# Fichiers Unix



## Glutz69 (10 Juin 2008)

Bonjour,
Tous mes anciens fichiers Word faits jadis sur des Mac apparaissent aujourd'hui sur mon iMac (avec Leopard 10.5.2) transformés en fichiers Unix, que je ne sais pas ouvrir ou ramener sous Word. Comment lire des fichiers Unix sur un Mac ??? Avec quel logiciel les ouvrir, puisque Word ne les reconnaît plus ? 
Comment cette transformation s'explique-t-elle ?
Merci à celle ou celui qui m'apportera quelque lumière !
Cordialement


----------



## PA5CAL (10 Juin 2008)

Bonjour

Voici l'explication la plus probable:

Le nom des fichiers en question doit être dépourvu d'extension (.doc). Auparavant, c'était des informations du systèmes, séparées, qui indiquaient quel logiciel utiliser pour les ouvrir. Ces informations n'ont pas suivi lors de la copie, et les fichiers sont par défaut reconnus comme des fichiers Unix.

Pour vérifier cette hypothèse, il conviendrait de forcer l'affichage des extensions de fichier dans le Finder, si ce n'est déjà fait (menu "Finder">"Préférences", onglet "Avancées", case à cocher "Afficher toutes les extensions de fichier"), et également de vérifier l'application associée par défaut pour lesdits fichiers (sélectionner le fichier visé dans le Finder, faire Pomme+I et lire la rubrique "Ouvrir avec..."). L'association devrait être réglée sur "aucun".

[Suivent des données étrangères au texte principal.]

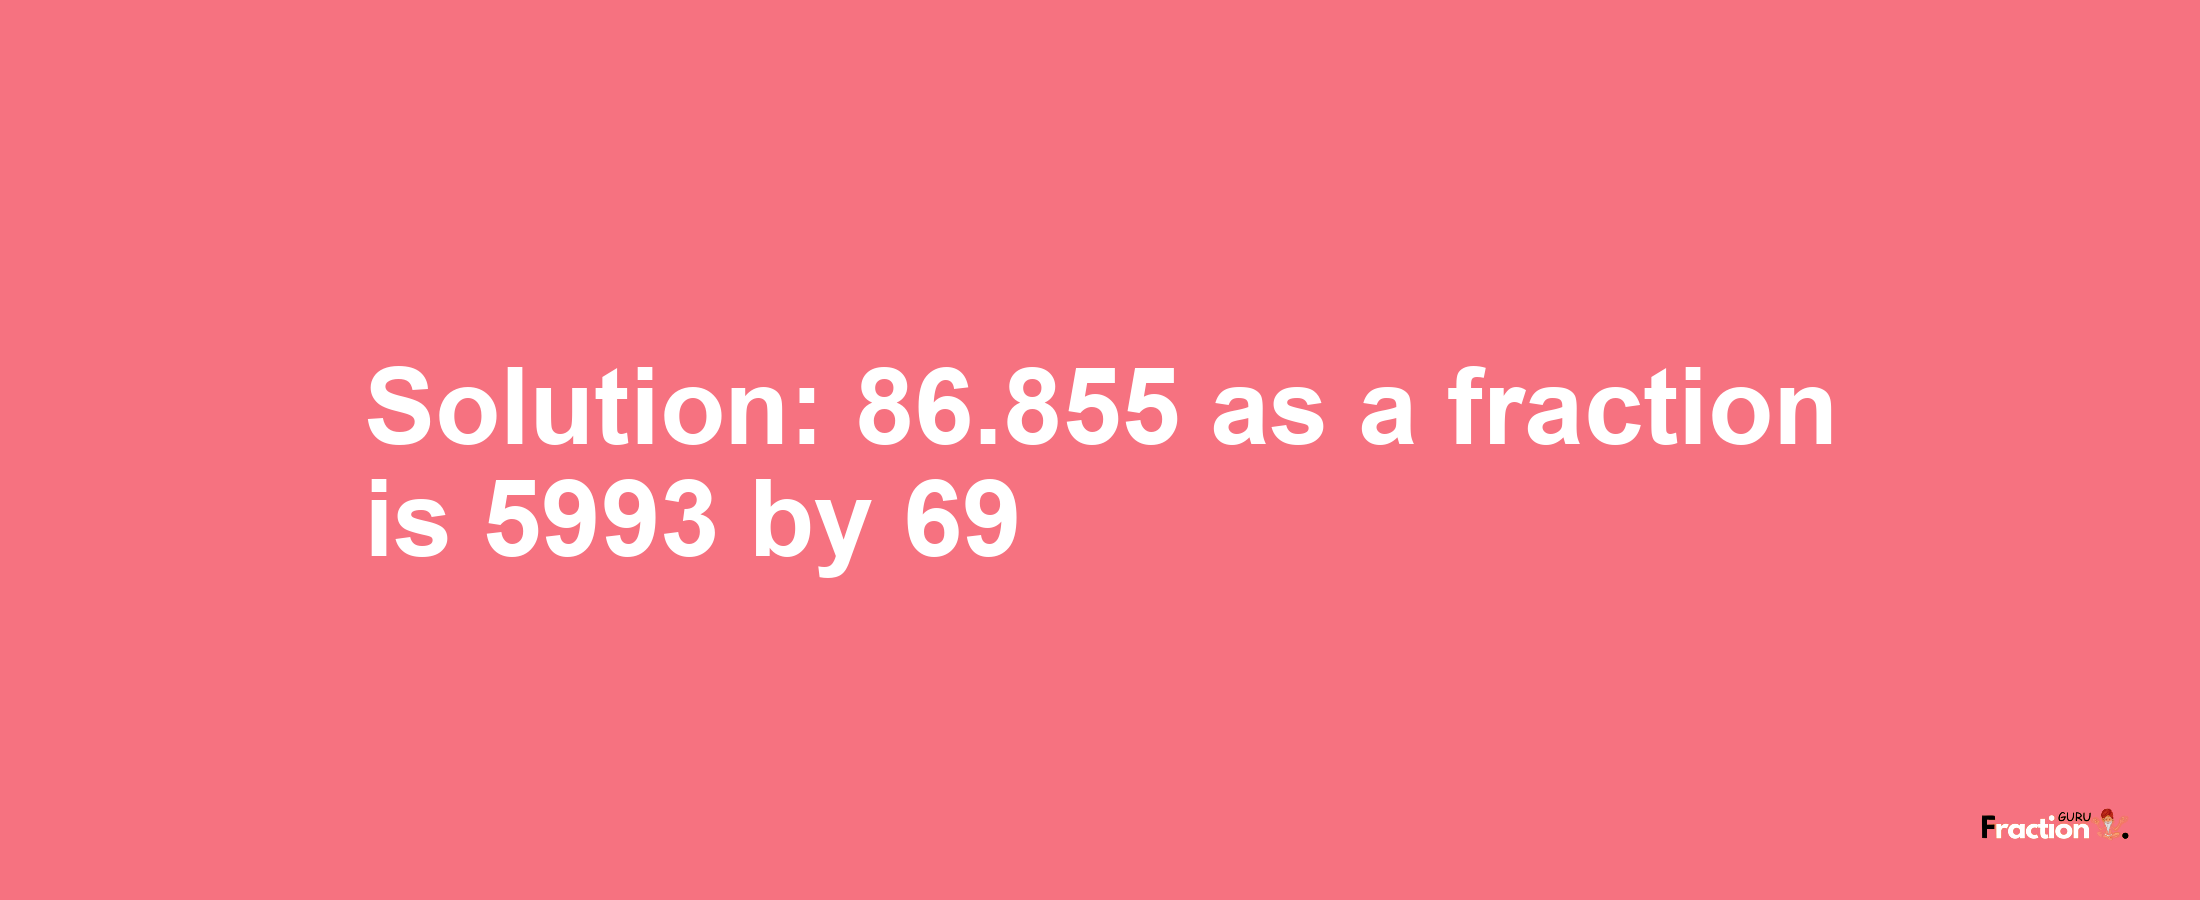 Solution:86.855 as a fraction is 5993/69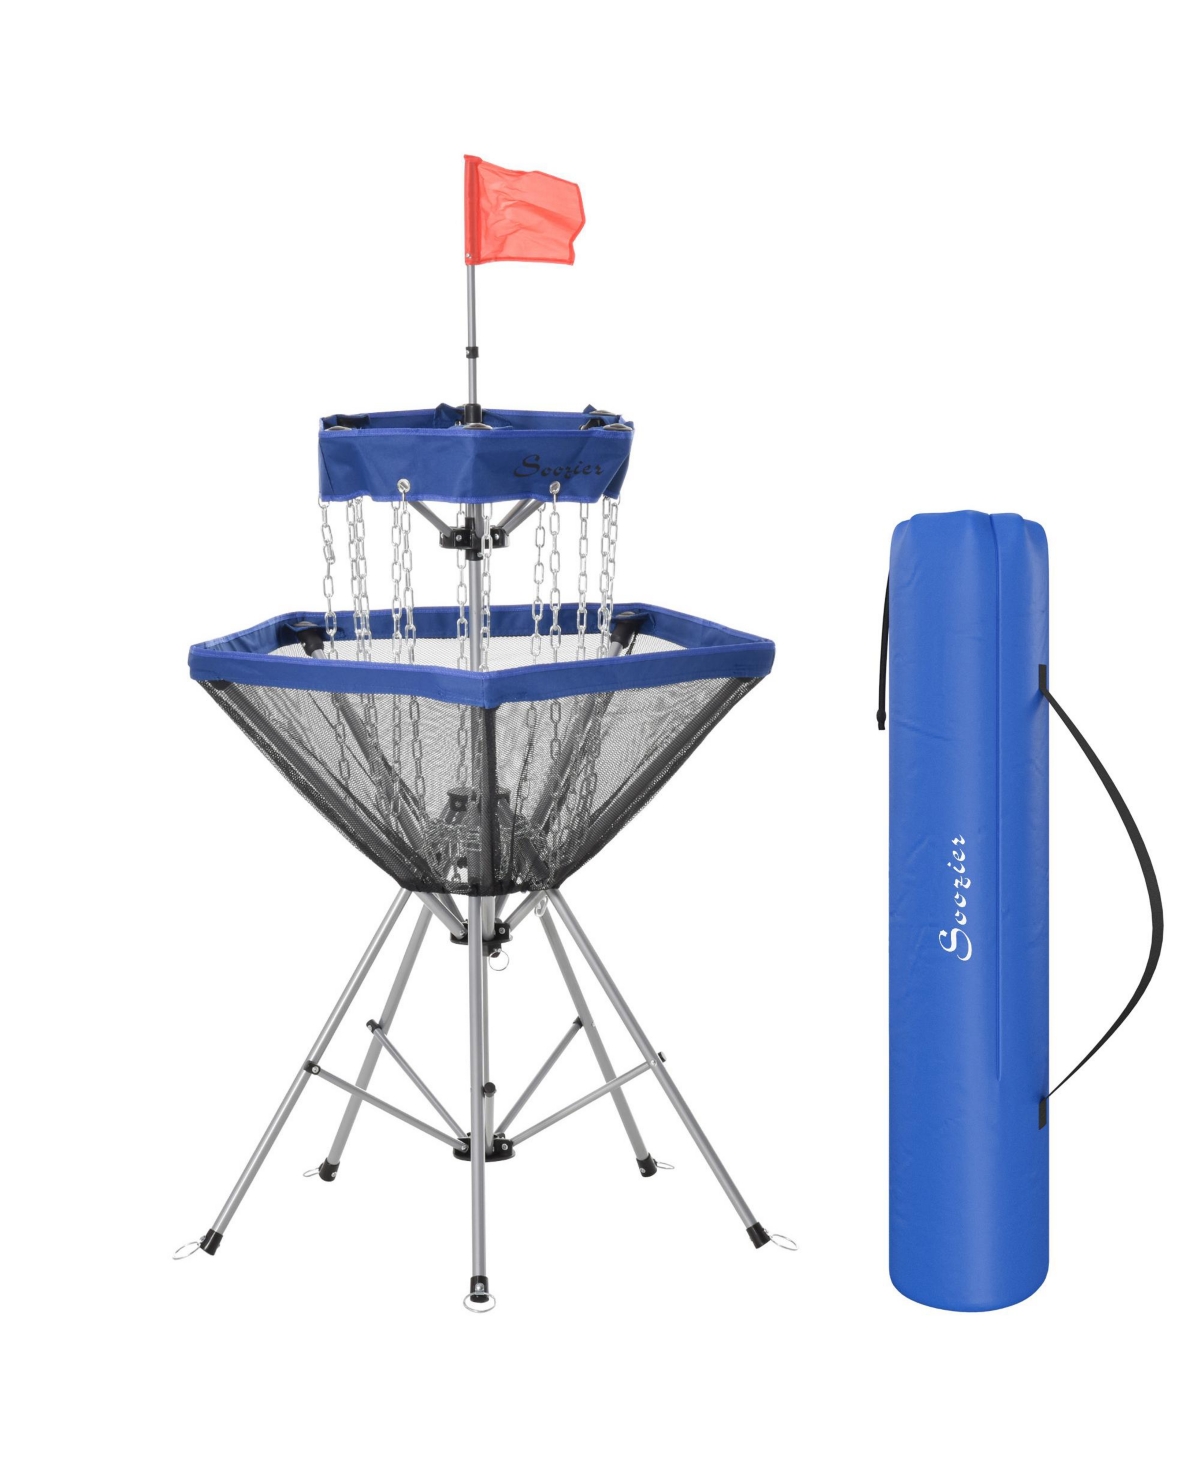 Portable Disc Golf Basket Target with 12-Chain, Easy Carry Bag, Dark Blue - Sky blue

Si tel est bien le cas, il suffirait :
- soit d'ajouter l'extension .doc au nom des fichiers Word,
- soit de modifier l'application associée de manière à sélectionner MS Word.


----------



## Glutz69 (11 Juin 2008)

Bonjour Pascal,
Et merci de vos indications si claires.
J'ai donc coché la case "Afficher toutes les extensions de fichier", mais suis moins à l'aise avec l'association par défaut des fichiers, car dans "Ouvrir avec", je ne vois nulle part la possibilité d'un réglage sur "aucun".
En revanche, l'ajout de l'extension .doc fonctionne pour la plupart des fichiers, sauf certains qui sont dits corrompus et que je ne pourrais, paraît-il, récupérer que partiellement.
En tout cas, vous m'aurez bien fait avancer, mille mercis !
Cordialement,


----------



## pascalformac (11 Juin 2008)

il y a des options plus ou moins "tatillonnes" sur la notion de corruption
Qu'un fichier soit vu comme "corrompu" (ou potentiellement tel)  ne t'arrête pas

ces fichiers là tu peux voir ce qu'ils donnent avec par exemple les suites en ligne ( ou modules enlligne ) genre zoho thinkfree igoogle netvibes


----------



## Glutz69 (11 Juin 2008)

Cher et Vénérable Sage,
O.K., je vais voir.
Continuant mes essais, j'aboutis à trois cas :
- Ou bien avec l'extension .doc les fichiers s'ouvrent sous Word sans problème ;
- Ou bien la réponse est (après l'ajout de .doc) : "Impossible d'ouvrir le document. Il est peut-être en cours d'utilisation ou n'est pas un document Word valide" ;
- Ou encore (toujours après l'ajout de .doc) : "Erreur d'importation. Le document a été créé avec une version de Word non prise en charge".
Mais alors, pourquoi ajouter .doc suffit-il à ouvrir certains fichiers et pas d'autres, alors qu'ils ont tous été créés avec la même version de Word ???


----------



## pascalformac (11 Juin 2008)

Oh tu sais les mysteres de veurd....

un point
ces fichiers furent crées avec le même word
mais sur je te cite  "des macs"
exactement le même OS? Avec les mêmes mises à jour OS ou Office?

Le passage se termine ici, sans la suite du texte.